Cabarrus County was established in 1792 and named for Stephen Cabarrus who was the speaker of the North Carolina House of Commons. The county holds an important place in American history because gold was discovered at Reed Gold Mine in 1799, and until the California Gold Rush fifty years later, North Carolina was the leading source of the precious metal in the nation. Cabarrus is one of several counties along the wagon road from Pennsylvania that brought Scots-Irish settlers to the Carolinas. Presbyterian churches were started along the settlers’ route beginning in the mid-eighteenth century. One of those early churches in Cabarrus County is Bethpage which was organized 1794 and it would become important in the life of Jethro Rumple.
Jethro was born on his grandfather’s farm to Mary Winecoff Rumple, March 10, 1827, but was raised after his mother’s death by his brother Levi and his wife Christina. His early studies occurred in an “old field school” which was a subscription school used before North Carolina passed its public-school law in 1839. The term “old field” came about from constructing schools on worn-out farmland. Jethro’s later education was guided by Pastor James E. Morrison of Bethpage Church. His collegiate studies were completed at Davidson when he graduated with honors in 1850.

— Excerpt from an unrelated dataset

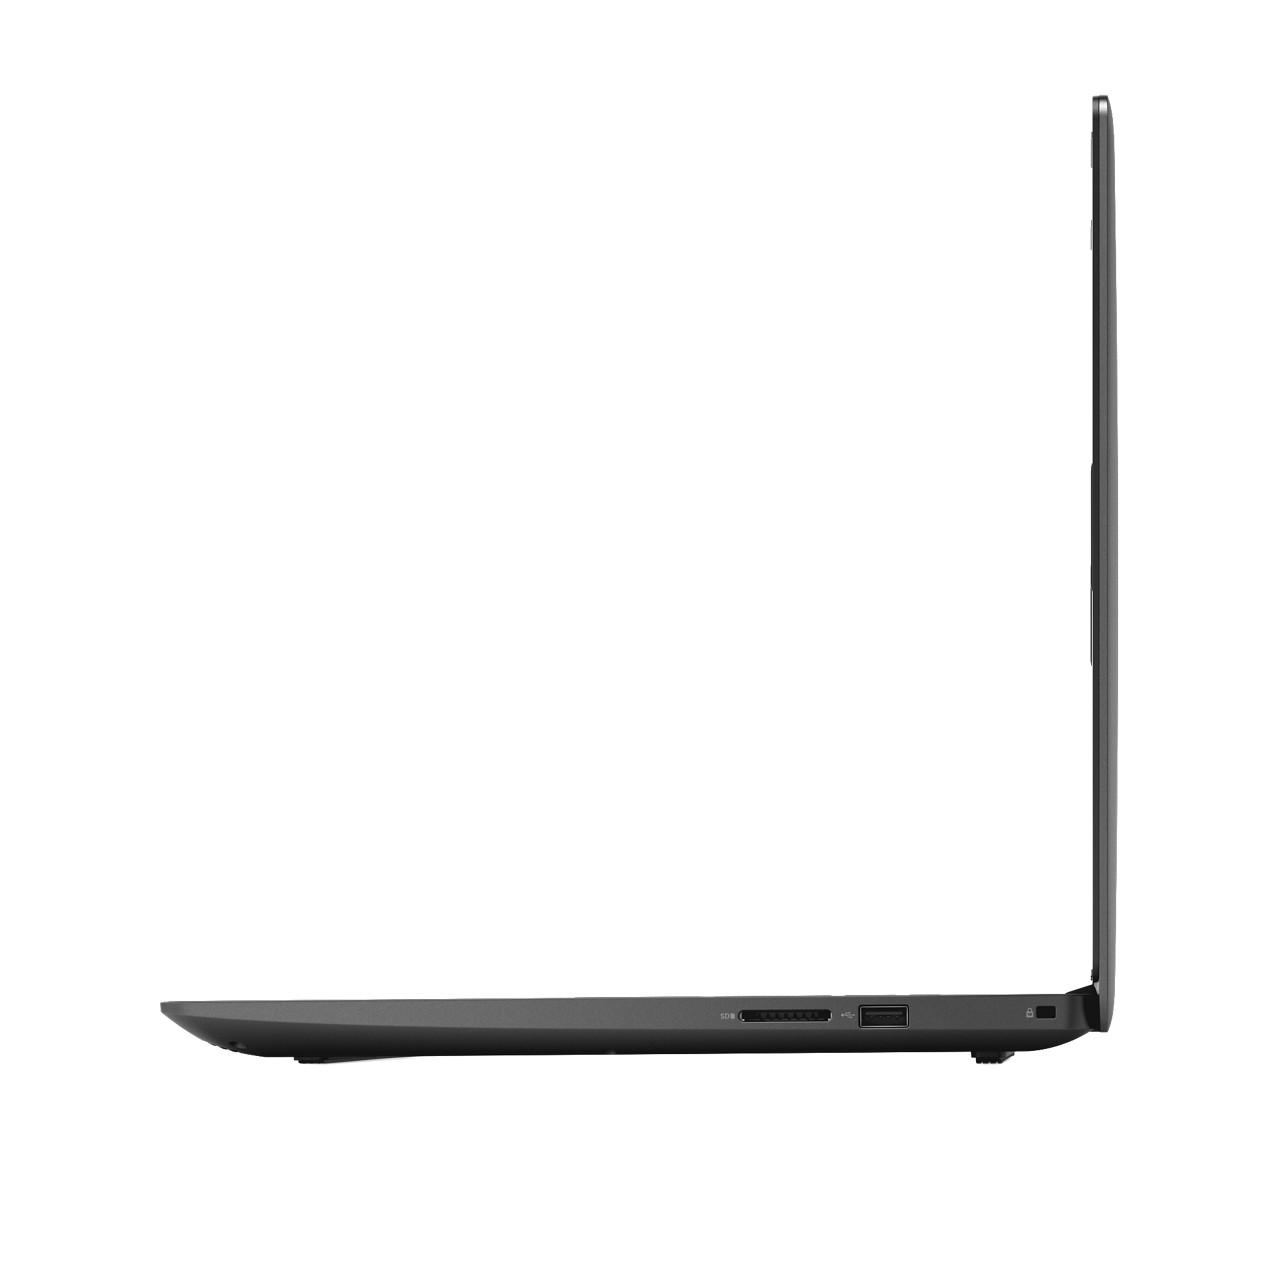 Dell G3 Gaming Laptop 15.6" Full HD, Intel Core i5-8300H, NVIDIA GeForce GTX 1050 4GB, 1TB HDD + 16GB Intel Optane Storage, 8GB RAM, Windows 10 - Black - G3579-5245BLK - image 3 of 6

The time of Jethro’s call to the ministry is not known, but while teaching in a classical school for about three years he began theological studies with Rev. Walter Wellington Pharr (1813-1886) of the Poplar Tent Church. Jethro headed to South Carolina in 1854 to formally prepare for the ministry at Columbia Seminary and during that time he was licensed to preach by Concord Presbytery. He was ordained by the same presbytery and installed pastor of Providence and Sharon Churches in Mecklenburg County, January 9, 1857. After four years he was installed pastor of First Presbyterian Church, Salisbury, November 24, 1860. When he began his new ministry the church membership was less than a hundred, but by the end of his forty-plus years of pastoral work, the congregation had increased four-fold.
During his years in Salisbury, Rumple not only served First Church but was also involved in other church ministries and community work. He was the stated clerk of Concord Presbytery until he resigned in 1868 because his work as chairman of the presbytery’s Sustenation Committee was requiring too much time to properly do both jobs. After the Civil War, ministers salaries in the South were often inadequate if not unpaid, so the Sustenation Committee provided funds to help the shepherds in need. A particularly important event during Rumple’s tenure was establishment of Mecklenburg Presbytery from a portion of Concord Presbytery in October 1869. One key point of discussion leading up to the division was how would the oversight of Davidson College relate to the new presbytery, which was an issue of concern particularly to Rumple because he was on Davidson’s board. In the later years of his ministry he often supplied churches in the mountains including the Blowing Rock mission that was organized in 1887 and named Rumple Memorial Presbyterian Church in later years.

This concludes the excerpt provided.